From: ZmnSCPxj <ZmnSCPxj@protonmail.com>
To: John Tromp <john.tromp@gmail.com>
Cc: Bitcoin Protocol Discussion <bitcoin-dev@lists.linuxfoundation.org>
Subject: Re: [bitcoin-dev] Timelocks and Lightning on MimbleWimble
Date: Fri, 20 Sep 2019 05:14:59 +0000 [thread overview]
Message-ID: <VuvyS-ZYh7UJON2y6iCp0KtCTKFqOxIqPzNETPForaK5QHBOoj4LxOVlsaDFb-c__t6GRYD8ZHWkQagDucyFD3kjElZhSuHvhen1RzqLxvQ=@protonmail.com> (raw)
In-Reply-To: <CAOU__fznZ4EznXPoiM5E2HaTzafZQ3dKQmXHOPaG8PzASiOFcg@mail.gmail.com>
Good morning John,
> dear ZmnSCPxj,
>
> > Which I suppose is my point: you lose some of the "magic shrinking blockchain" property in implementing relative locktimes, as you now increase the data you have to store forever (i.e. the kernels).
>
> The "magic shrinking" of MW never applied to kernels.
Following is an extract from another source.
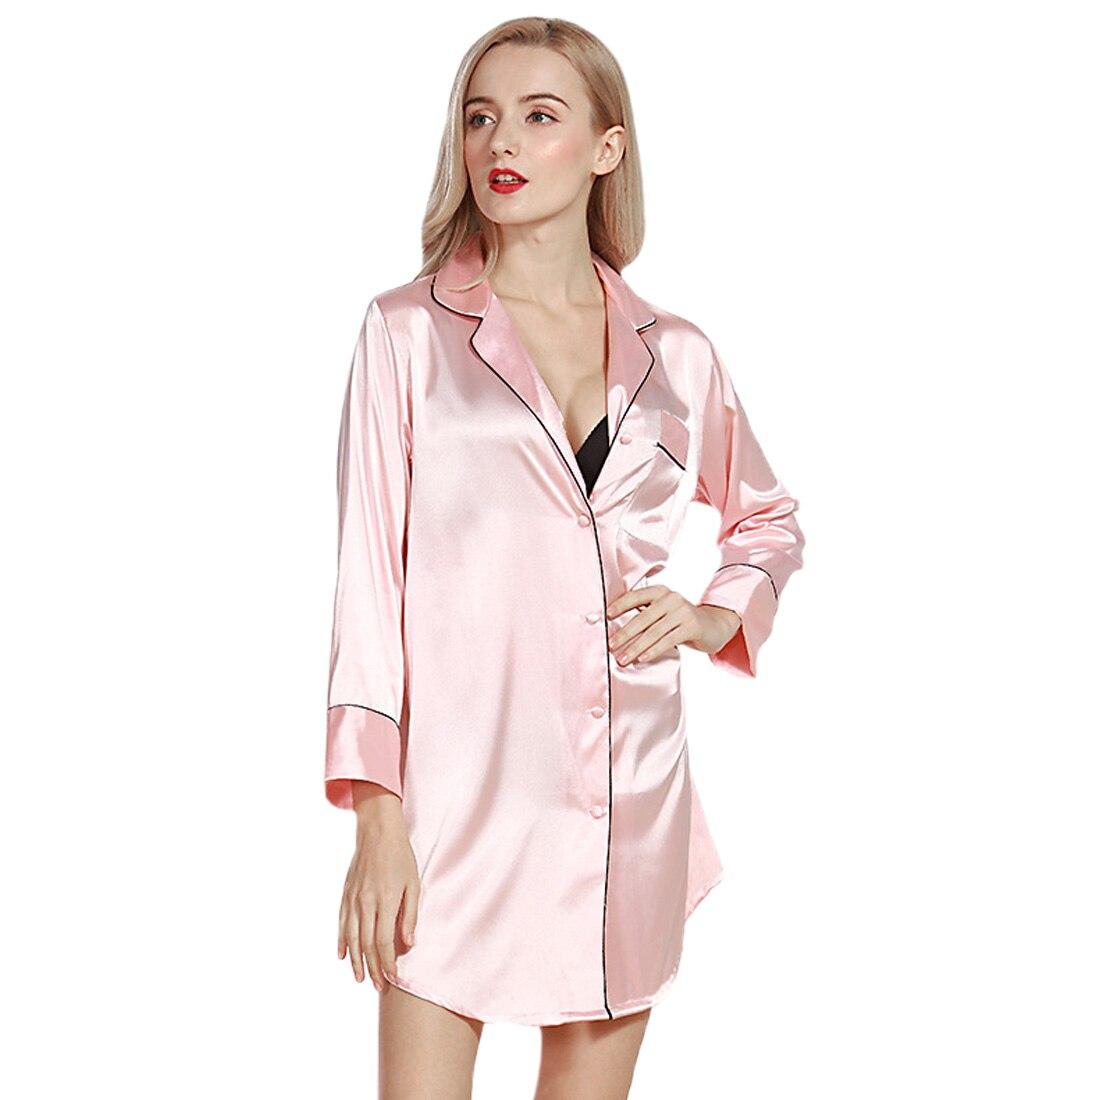 Cearpion Frauen Nachthemd Satin Nachtwäsche Nachthemden Seide Casual Lose Nacht Kleid Sommer Lounge Langarm Kleidung Hause Kleid Damen-nachtwäsche Unterwäsche & Schlafanzug

To validate the
> current UTXO set, you need to validate all the kernels, each of
> which is a Pedersen commitment to zero together with a Schnorr
> signature using said commitment as public key.
However, my understanding is that, at least with the original mimblewimble.txt from Jedusor, the signatures and the Pedersen-commitment-to-0 could all be aggregated into a single signature and Pedersen-commitment-to-0, if we were to use Schnorr-like signatures.
(it is possible I misunderstand this; I am not in fact a cryptographer.
Indeed, the original mimblewimble.txt mentions having to store every `k*G` and every signature attesting to it, although does not mention Schnorr and might not have considered the possibility of signature aggregation when using Schnorr-like signatures.
There could be security issues I am unaware of, for example.)
In addition, the mimblewimble.pdf from andytoshi includes a "Sinking Signatures" section, which to my understanding, combines absolute-locktime kernels with partial O(log n) aggregation of the signatures that attest it.
Again, it is possible I misunderstand this.
It seems to me that neither technique is possible with relative locktime kernels.
Again, this may be merely my ignorance of such.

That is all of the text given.